Source: Alex Colon, “MLB Completes iBeacon Installations at Dodger Stadium and Petco Park,” GigaOM, February 14, 2014, https://gigaom.com/2014/02/14/mlb-completes-ibeacon-installations-at-dodger-stadium-and-petco-park.
KEY TAKEAWAYS
< The amount of data being created doubles every two years. < In many organizations, available data is not exploited to advantage. However new tools supportingbig data, business intelligence, and analytics are helping managers make sense of this data torrent. < Data is oftentimes considered a defensible source of competitive advantage; however, advantages based on capabilities and data that others can acquire will be short-lived.
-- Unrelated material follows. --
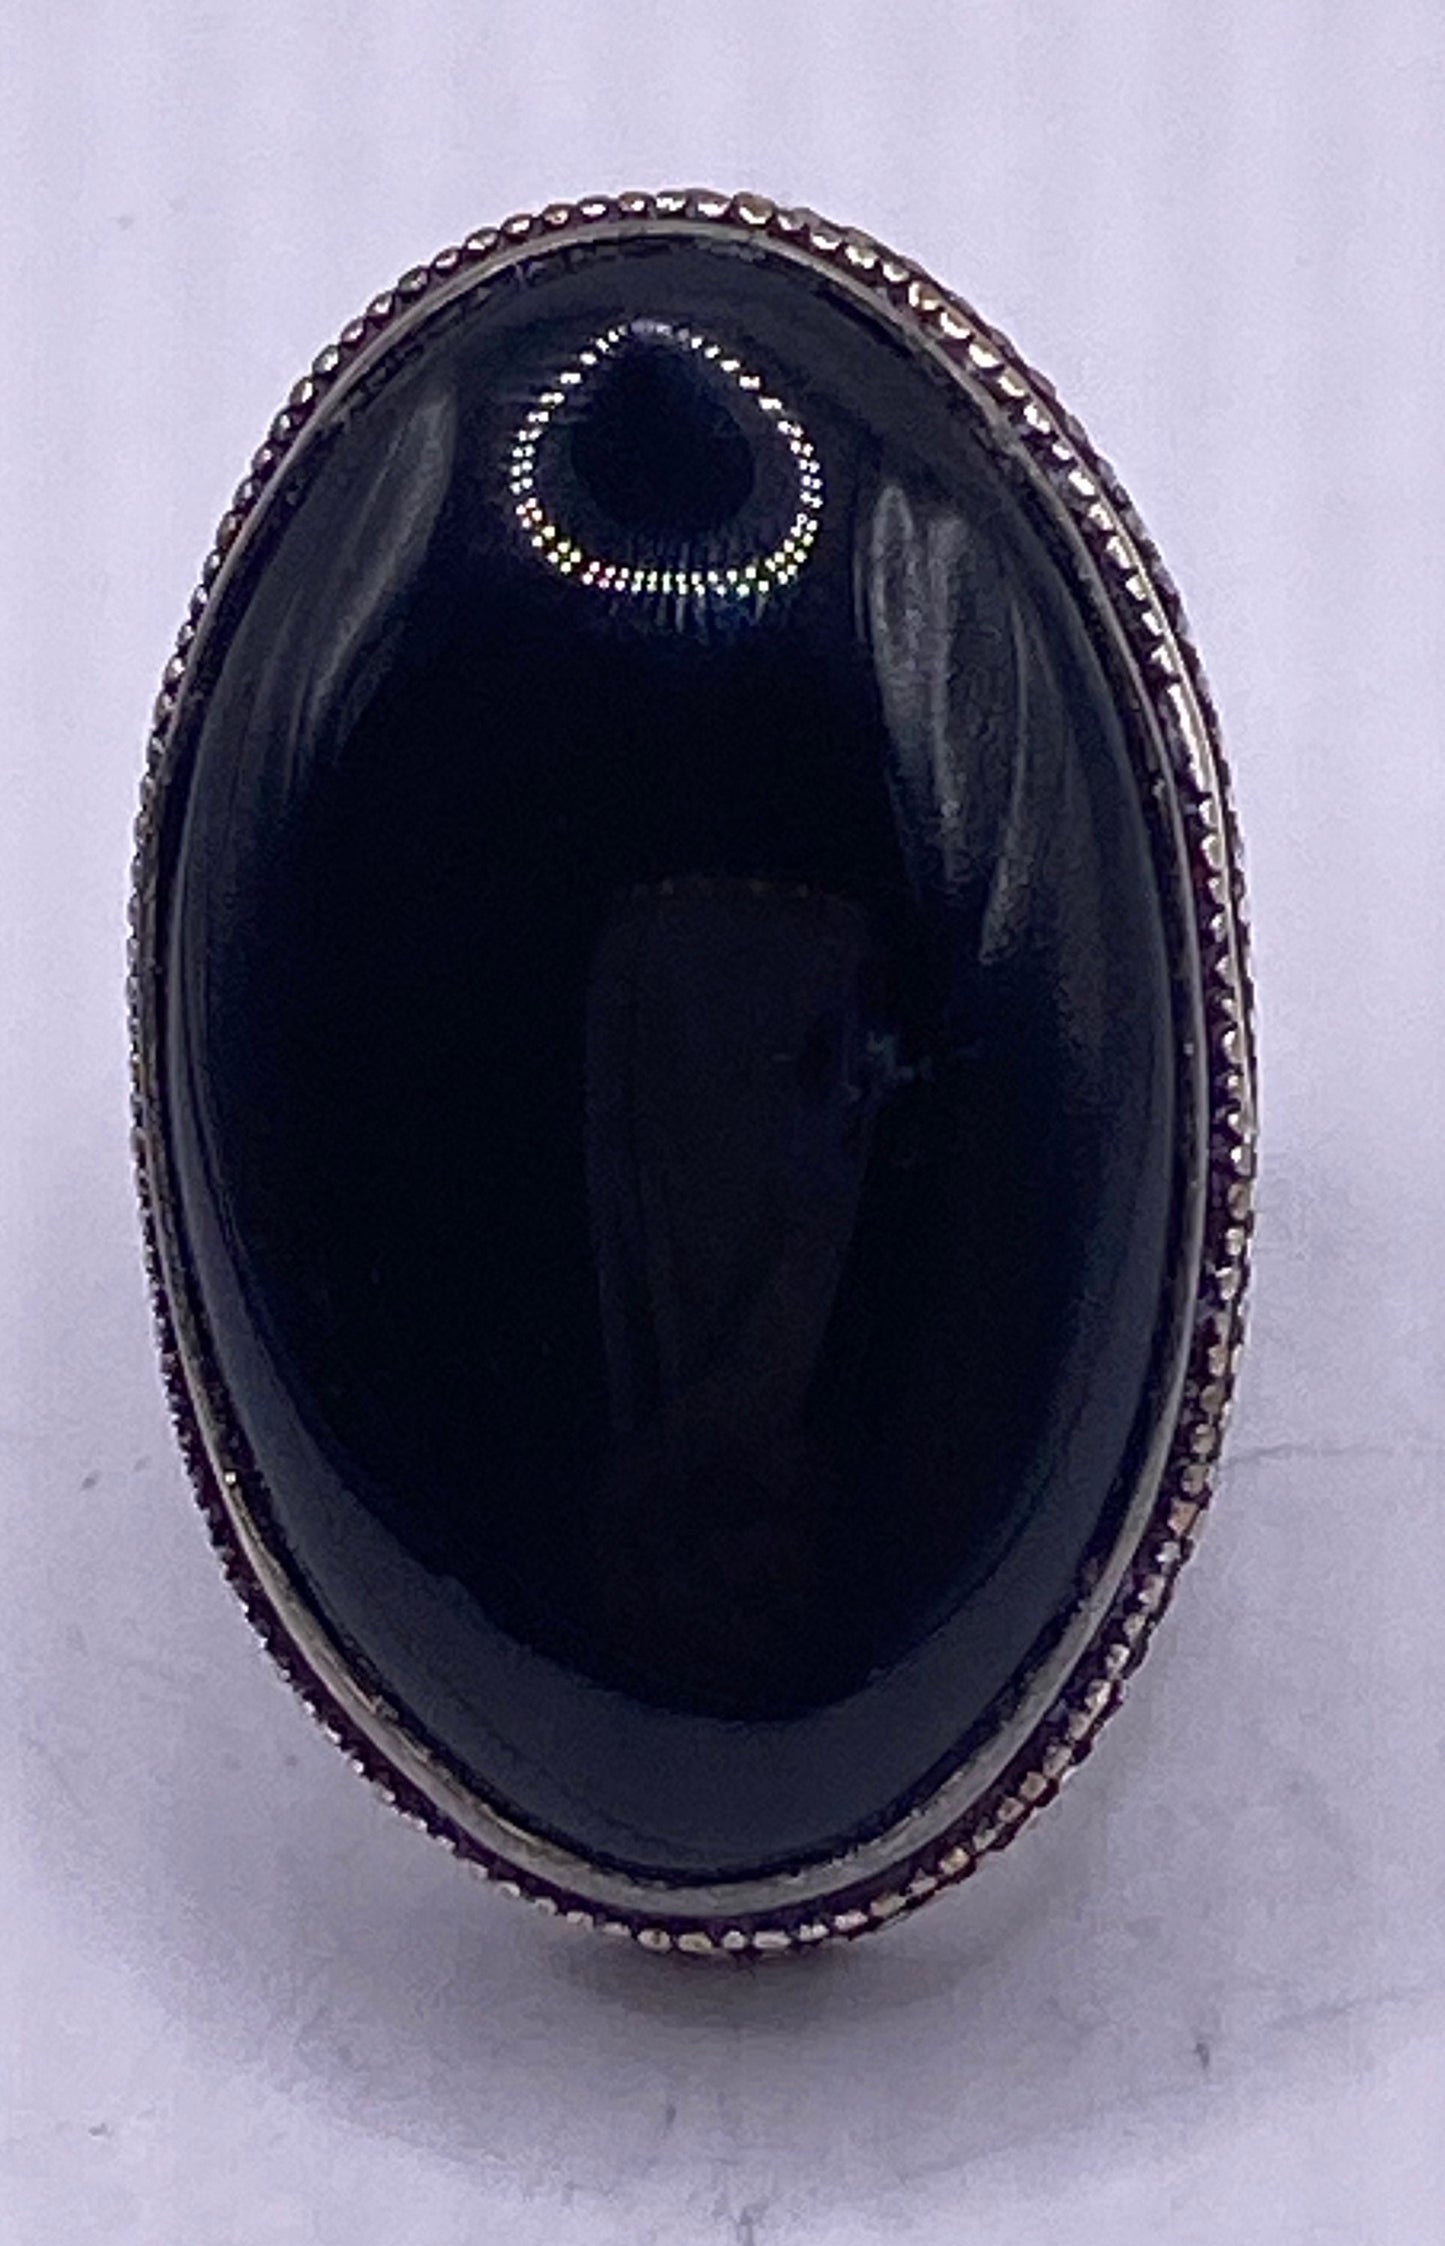 Vintage Black Onyx Silver Cocktail Ring Size 6.25

1. Name and define the terms that are supplanting discussions of decision support systems in the modern IS lexicon.
2. Is data a source of competitive advantage? Describe situations in which data might be a source for sustainable competitive advantage. When might data not yield sustainable advantage?
3. Are advantages based on analytics and modeling potentially sustainable? Why or why not?
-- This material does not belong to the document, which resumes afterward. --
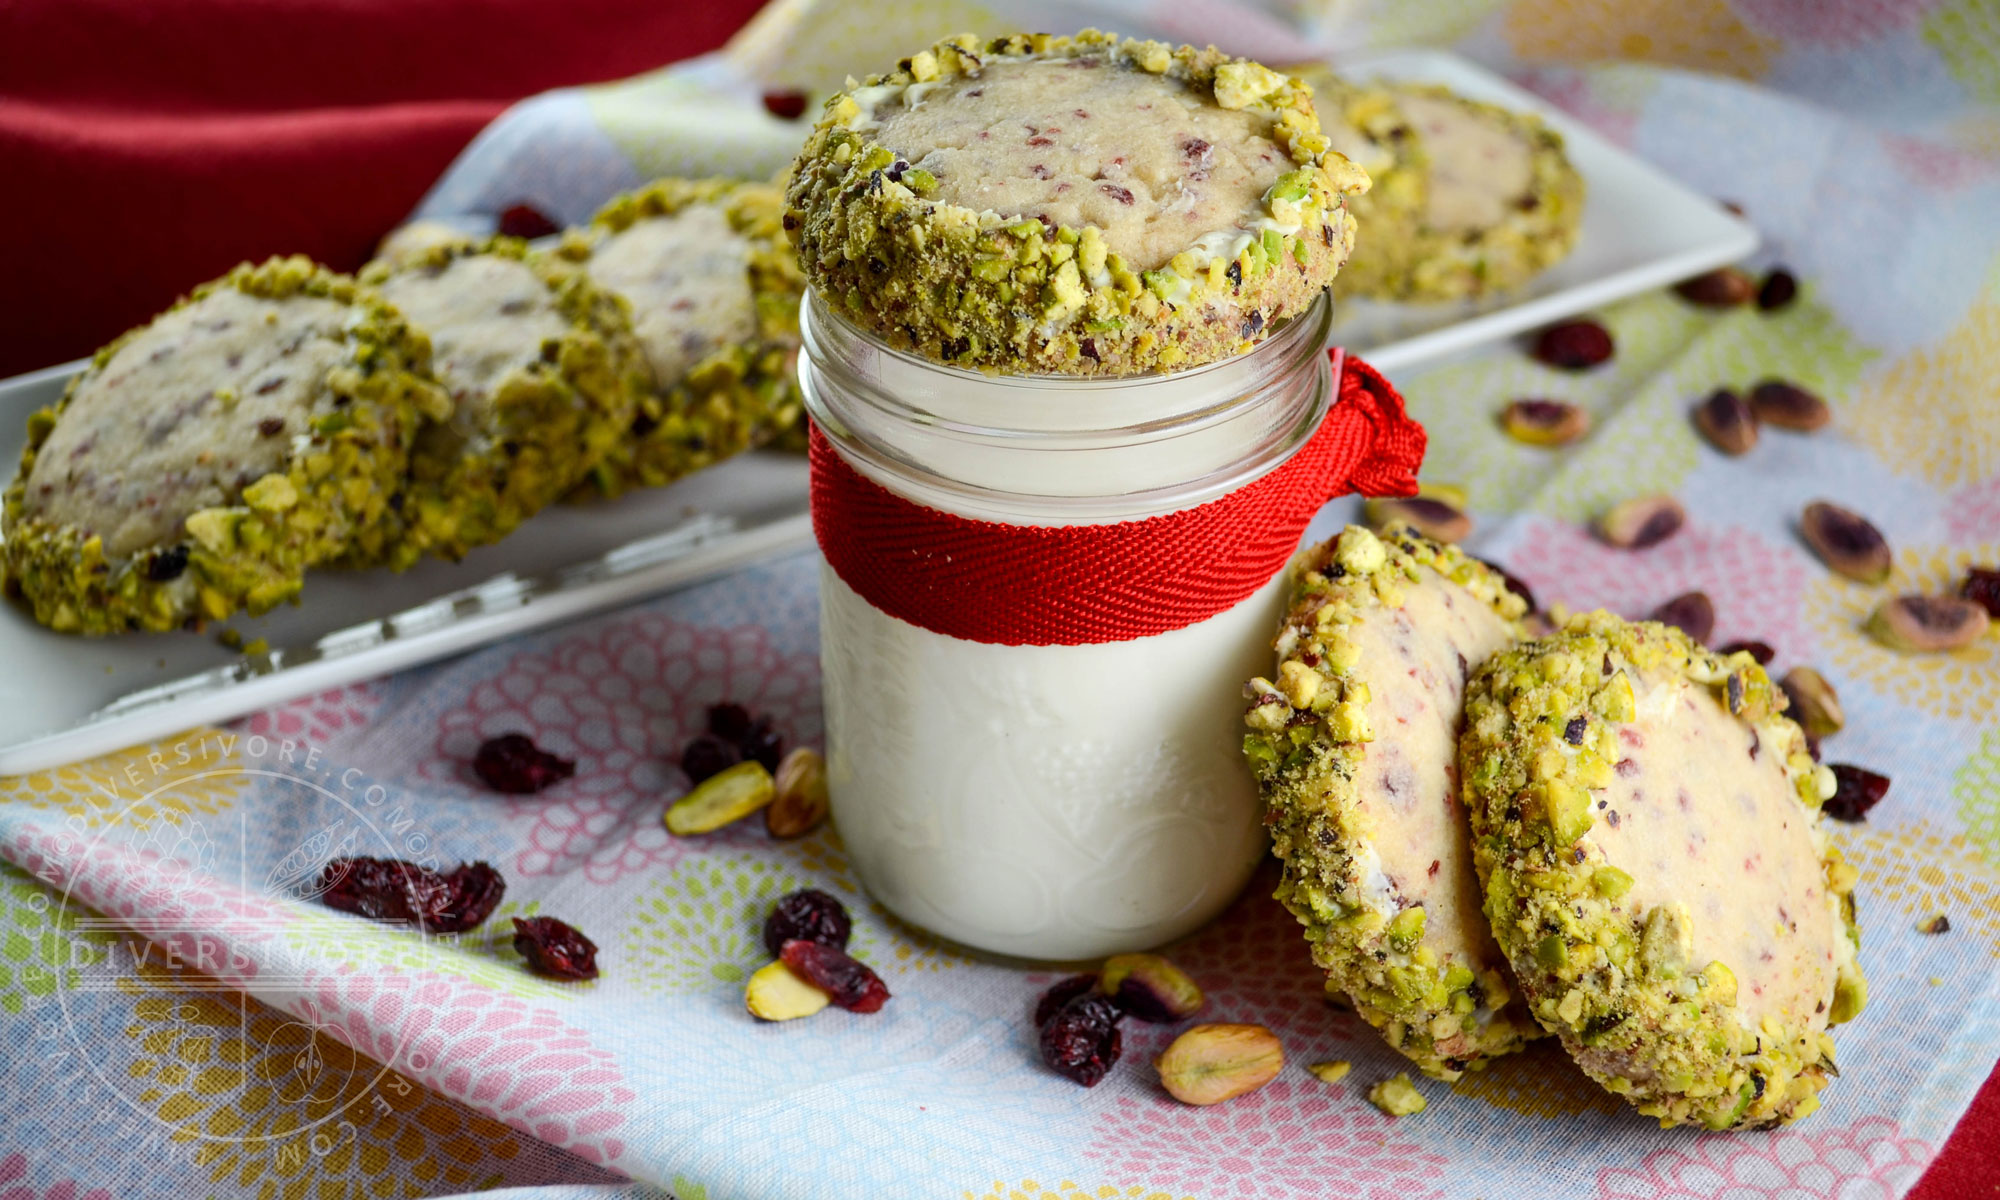 Featured image for “Cranberry Shortbread with White Chocolate and Pistachios”

4. Think about the amount of data that is collected about you every day. Make a list of various technologies and information systems you engage with and the organizations that use these technologies, systems, and services to learn more about you. Does this information serve you better as a consumer? What, if any, concerns does broad data collection leave you with?
5. What role do technology and timing play in realizing advantages from the data asset?
6. What do you think about dynamic pricing? Is it good or bad for consumers? Is it good or bad for businesses? Explain your answer.
7. Have you visited a retailer or other venue using iBeacons? If so, describe your experience. If not, research the technology and come to class prepared to discuss its implications for collecting data and for driving consumer actions.